Leveraging existing services and data sources is the core of each cloud-based business application out there. Connecting applications to those destinations is a very crucial element of your application and should be done the right way. SAP BTP recognized the importance of this element and offers with the destination service a scalable solution in the Cloud Foundry Environment.

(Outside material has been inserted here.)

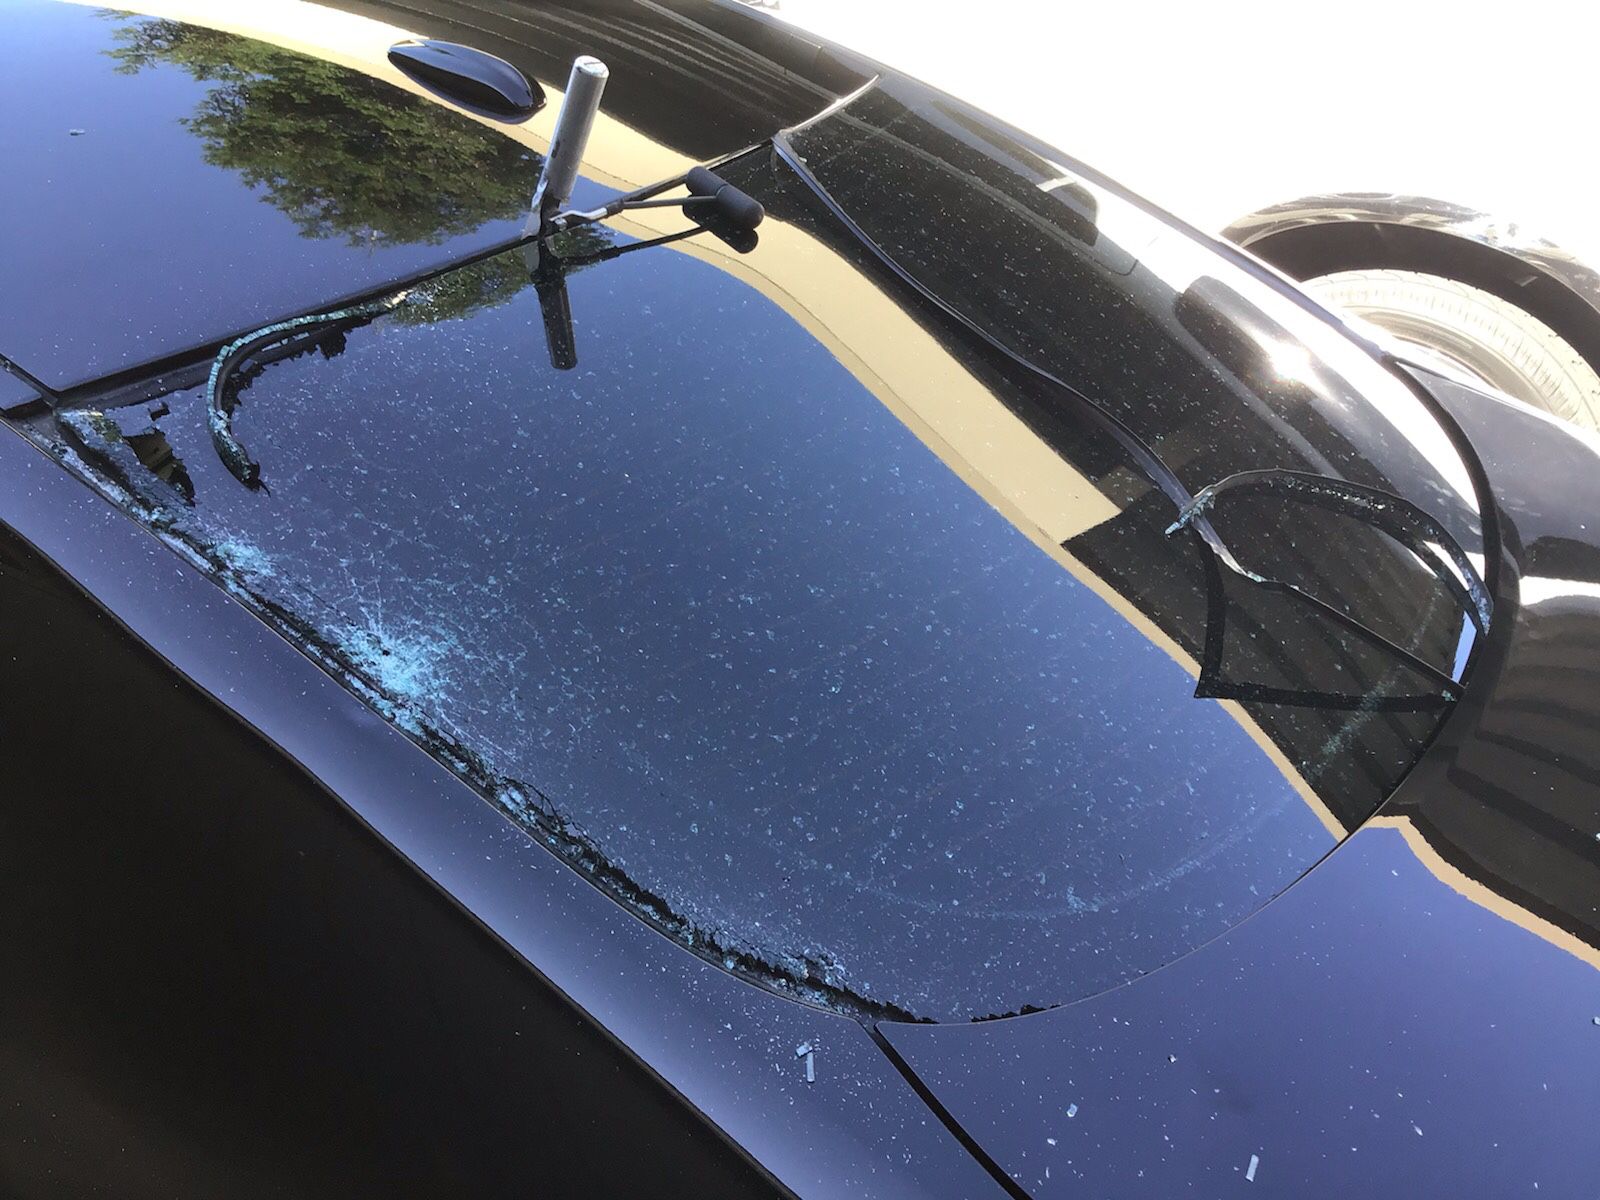 Broken glass, rock chips, windshields

To keep this post as simple as possible, I won’t dive into the SAP Cloud Connector or the SAP Connectivity Service, which is a proxy service to redirect requests to on-premise systems (I recommend this blog post if you’re interested in this scenario).

Updates:

19th Nov 2020 - Refresh GIFs

29th Jan 2021: Rebranding to SAP BTP

9th Jan 2021: Add video tutorial to test destinations

Why do I need destinations?


I think all of us agree that it would be easiest to hardcode the destination information into the codebase. But this (rookie) mistake has several issues, just to name a few:

  1. Re-usability


You would need to copy and paste the same information into several modules/apps when you want to re-use it (=> Antipattern)


  1. Standardized form


Closely related to the re-usability aspect, you need to come up with a standardized format (e.g. do you prefer the properties ‘protocol’, ‘hostname’, ‘port’ or would you rather combine them to ‘URL’?). It’s crucial to enforce this format across all destinations


  1. Sensitive information in the codebase


Never ever (ever!) add sensitive information, such as passwords, to your code! I think I don’t need to explain this one


  1. Need to handle various authentication strategies


Authentication strategies vary access different destinations types and you need to implement each single one


  1. Integration with development tools


Dev tools (like code generators) have virtually no use if they cannot access supporting information

How can I make sure my destinations are set up correctly?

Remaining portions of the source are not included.